**Problem statement**
The lines below must be transcribed exactly as given, with the images removed.

(Provided data Opens)

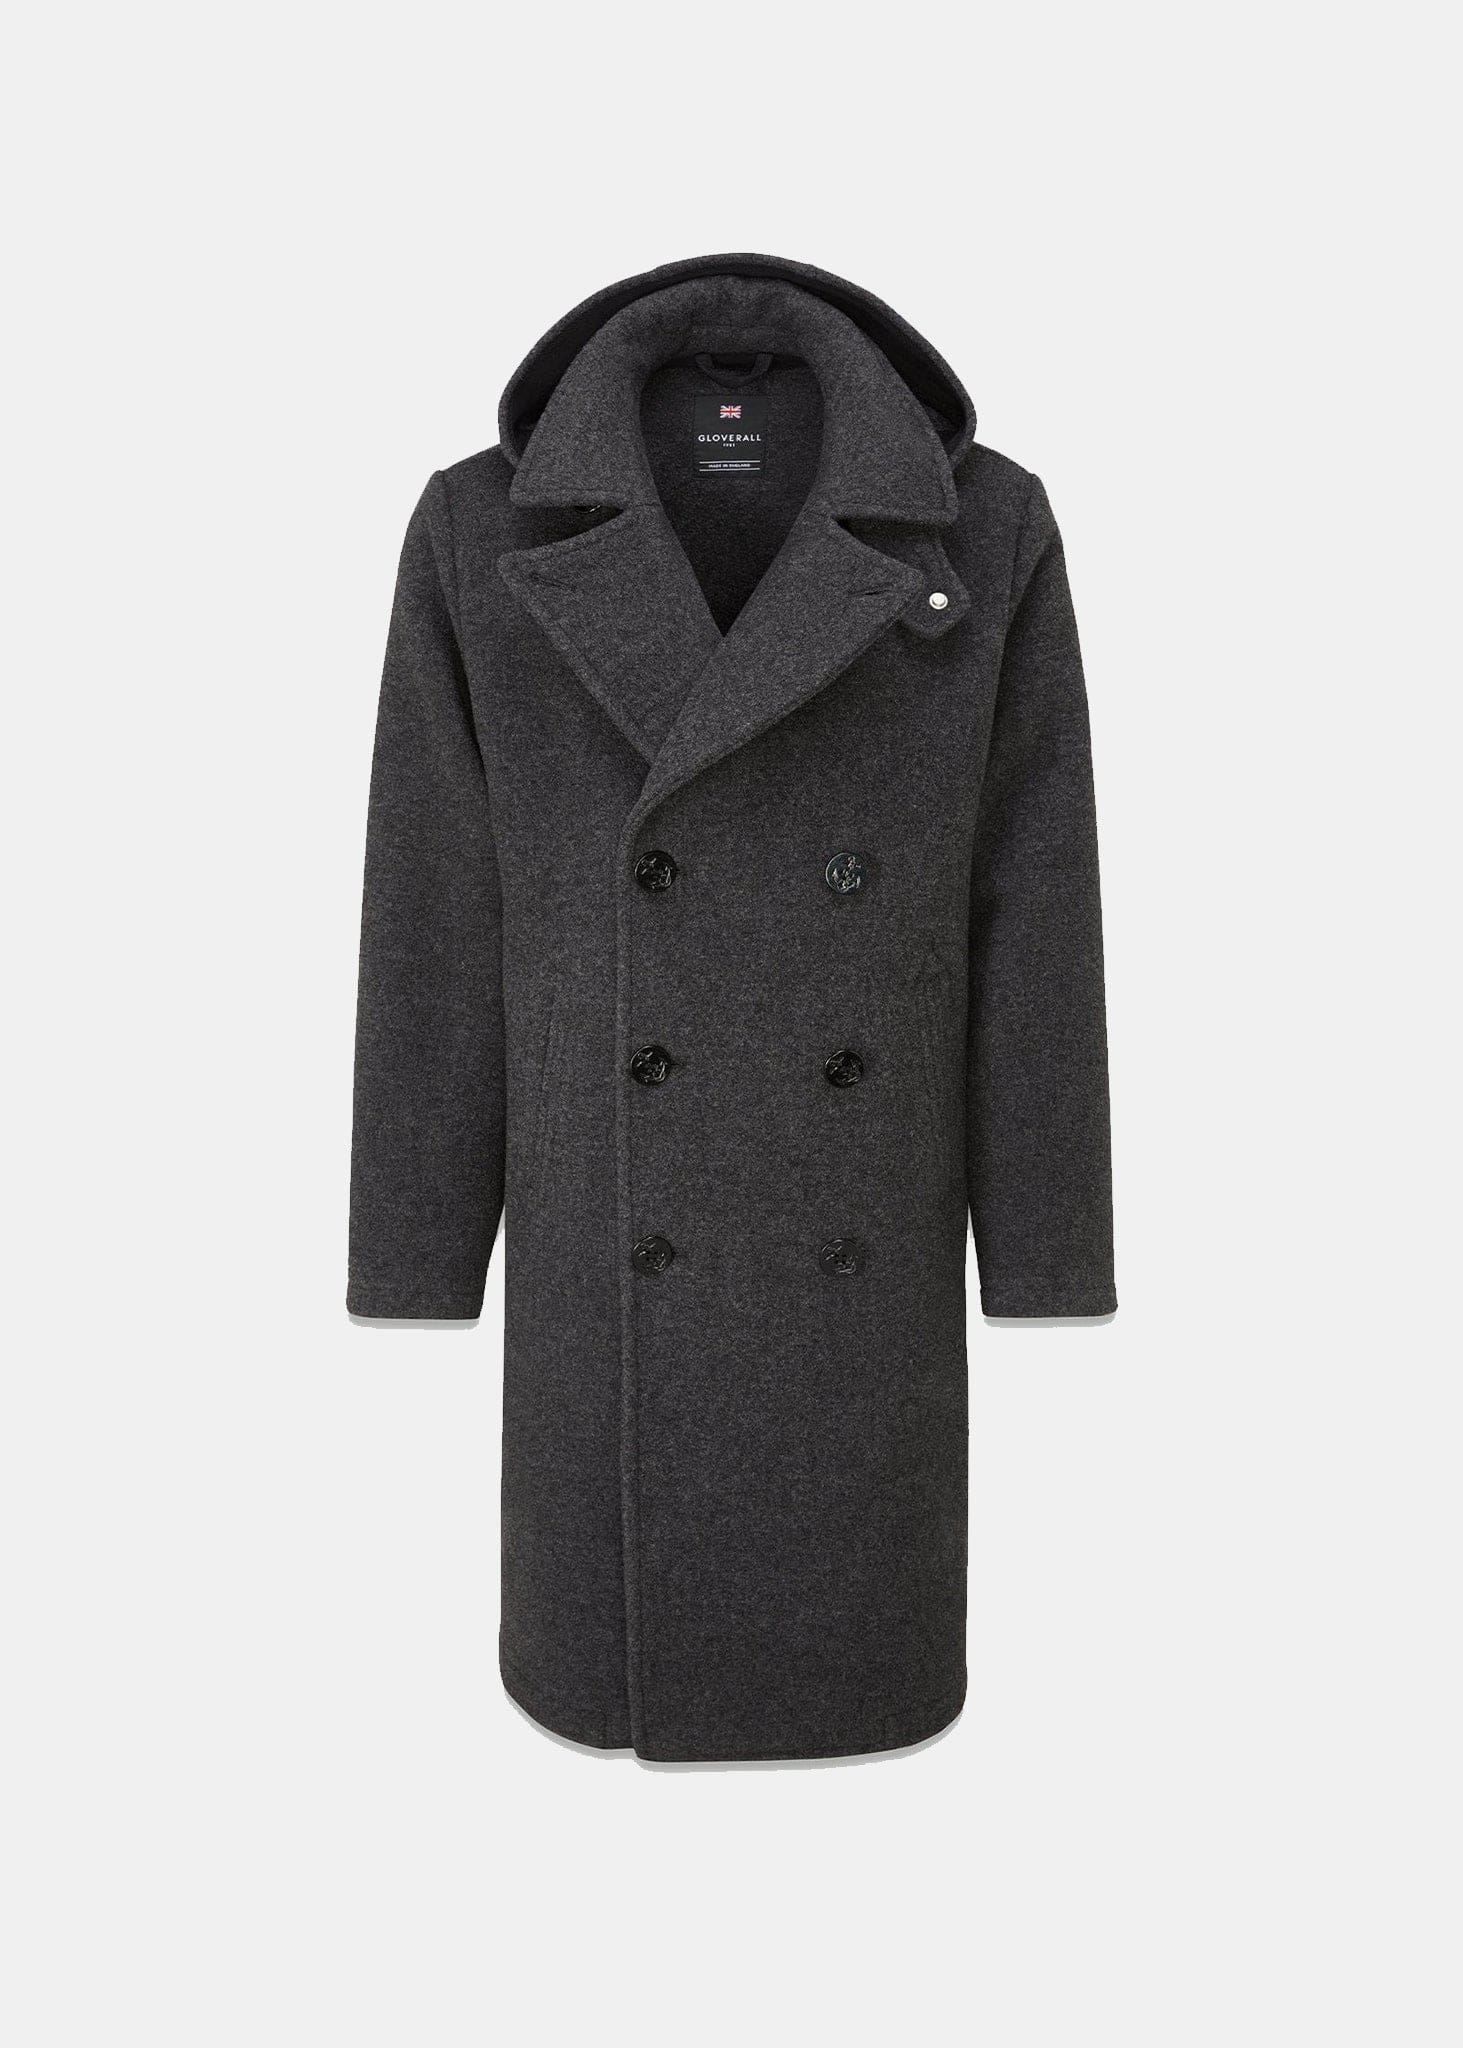 Shackleton Peacoat Charcoal – Gloverall
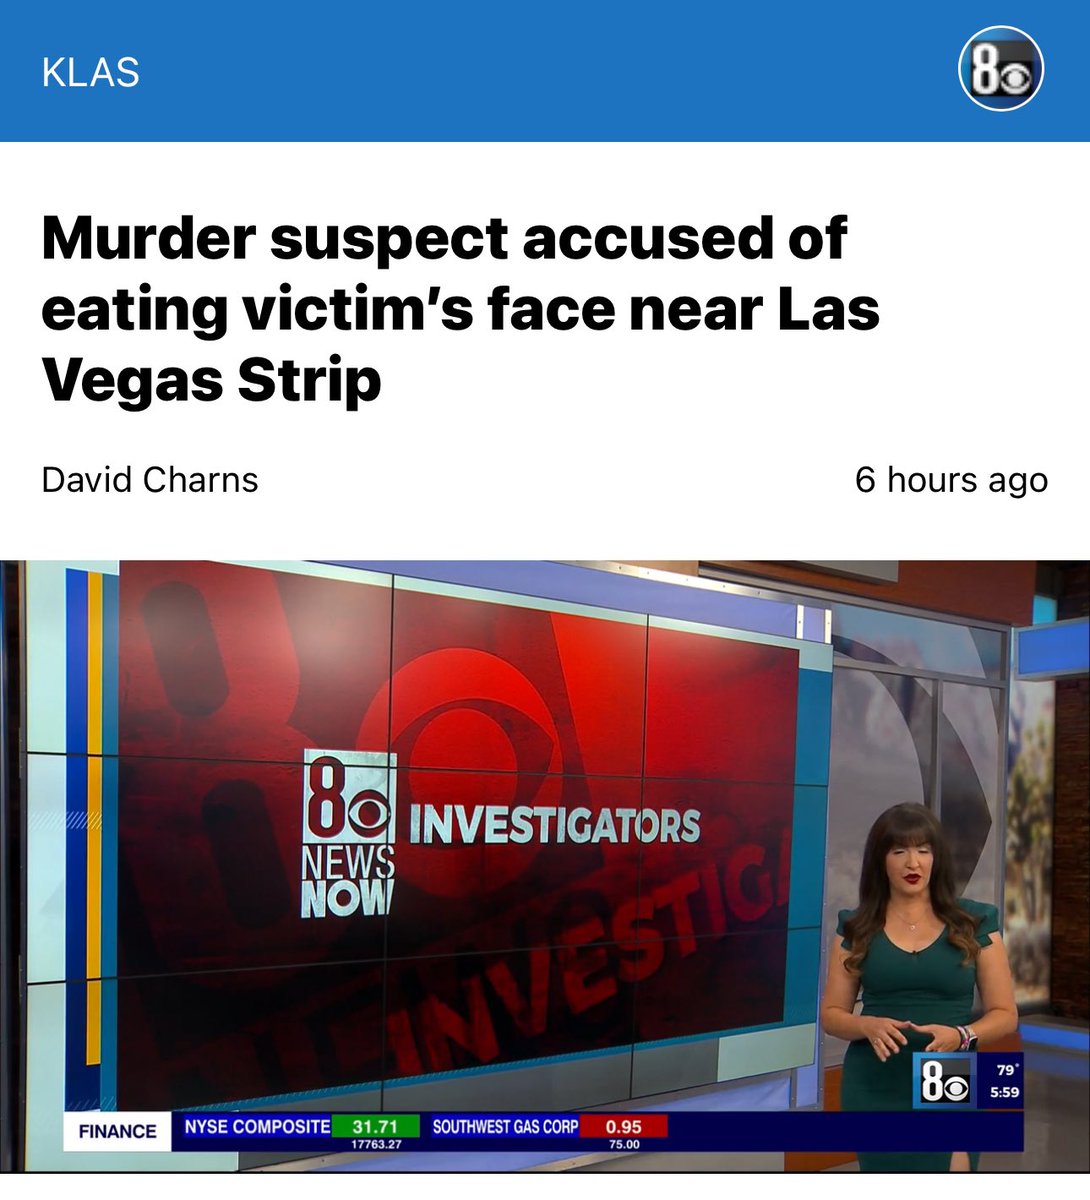 LAS VEGAS (KLAS) — A man allegedly murdered another man at a bus stop near the Las Vegas Strip, eating his victim’s face in the process, according to documents the 8 News Now Investigators obtained. Colin Czech, 29, faces a charge of open murder. 8newsnow.com/investigators/…
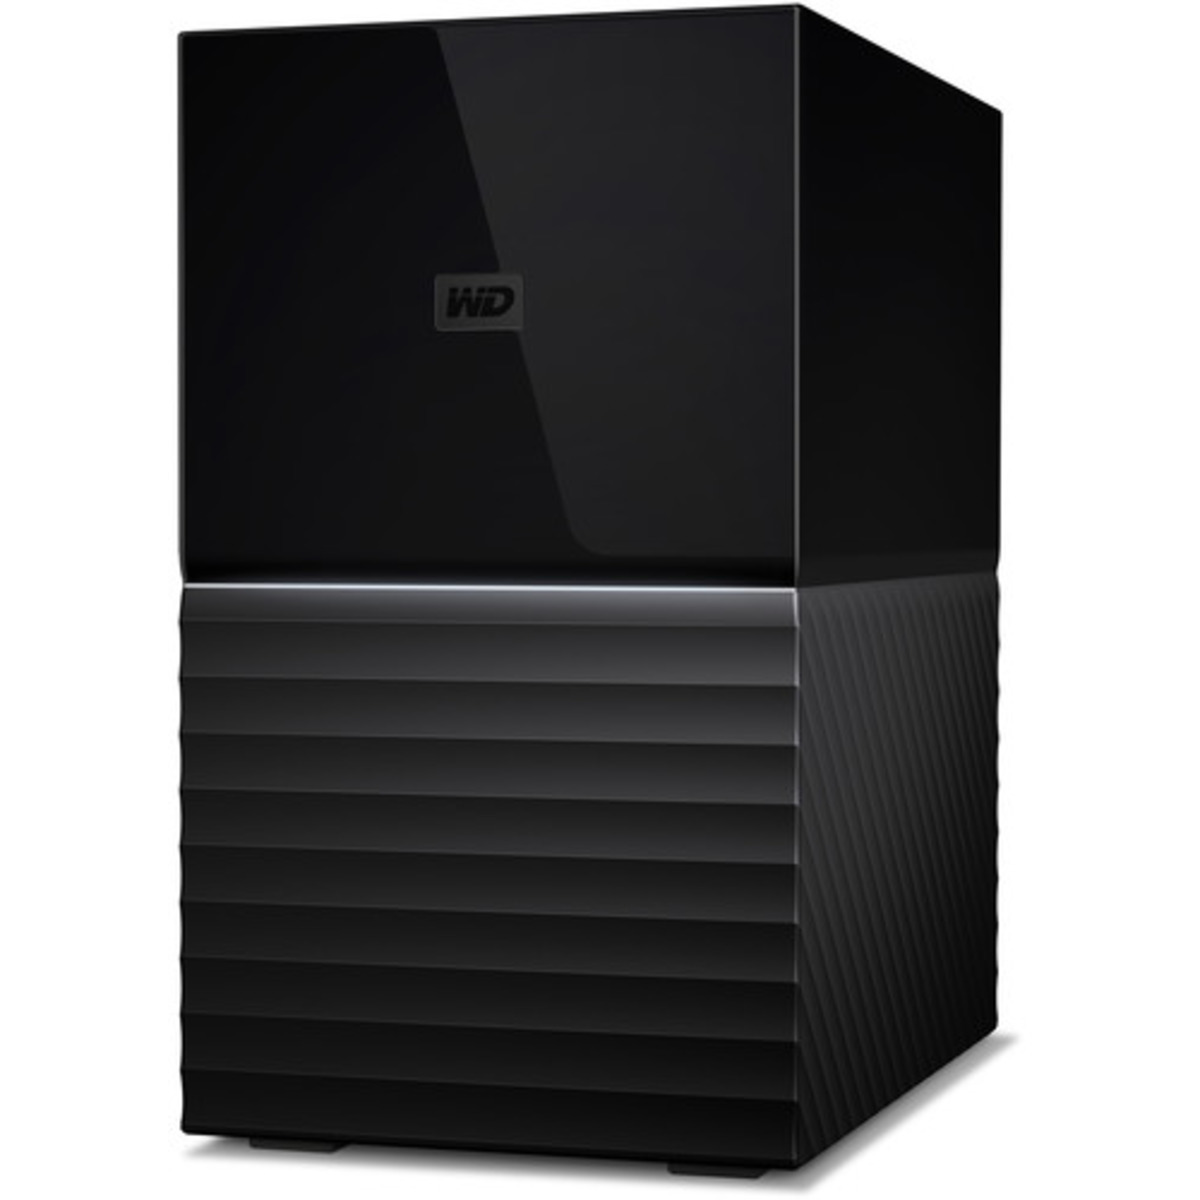 Western Digital My Book DUO Gen 2 22tb 2-Bay Desktop Personal / Basic Home / Small Office DAS - Direct Attached Storage Device 1x22tb Western Digital Ultrastar HC580 SED WUH722422ALE6L1 3.5 7200rpm SATA 6Gb/s HDD ENTERPRISE Class Drives Installed - Burn-In Tested - ON SALE My Book DUO Gen 2

(Provided data Closes)

**Your solution**
 Shackleton Peacoat Charcoal – Gloverall
 LAS VEGAS (KLAS) — A man allegedly murdered another man at a bus stop near the Las Vegas Strip, eating his victim’s face in the process, according to documents the 8 News Now Investigators obtained. Colin Czech, 29, faces a charge of open murder. 8newsnow.com/investigators/…
 Western Digital My Book DUO Gen 2 22tb 2-Bay Desktop Personal / Basic Home / Small Office DAS - Direct Attached Storage Device 1x22tb Western Digital Ultrastar HC580 SED WUH722422ALE6L1 3.5 7200rpm SATA 6Gb/s HDD ENTERPRISE Class Drives Installed - Burn-In Tested - ON SALE My Book DUO Gen 2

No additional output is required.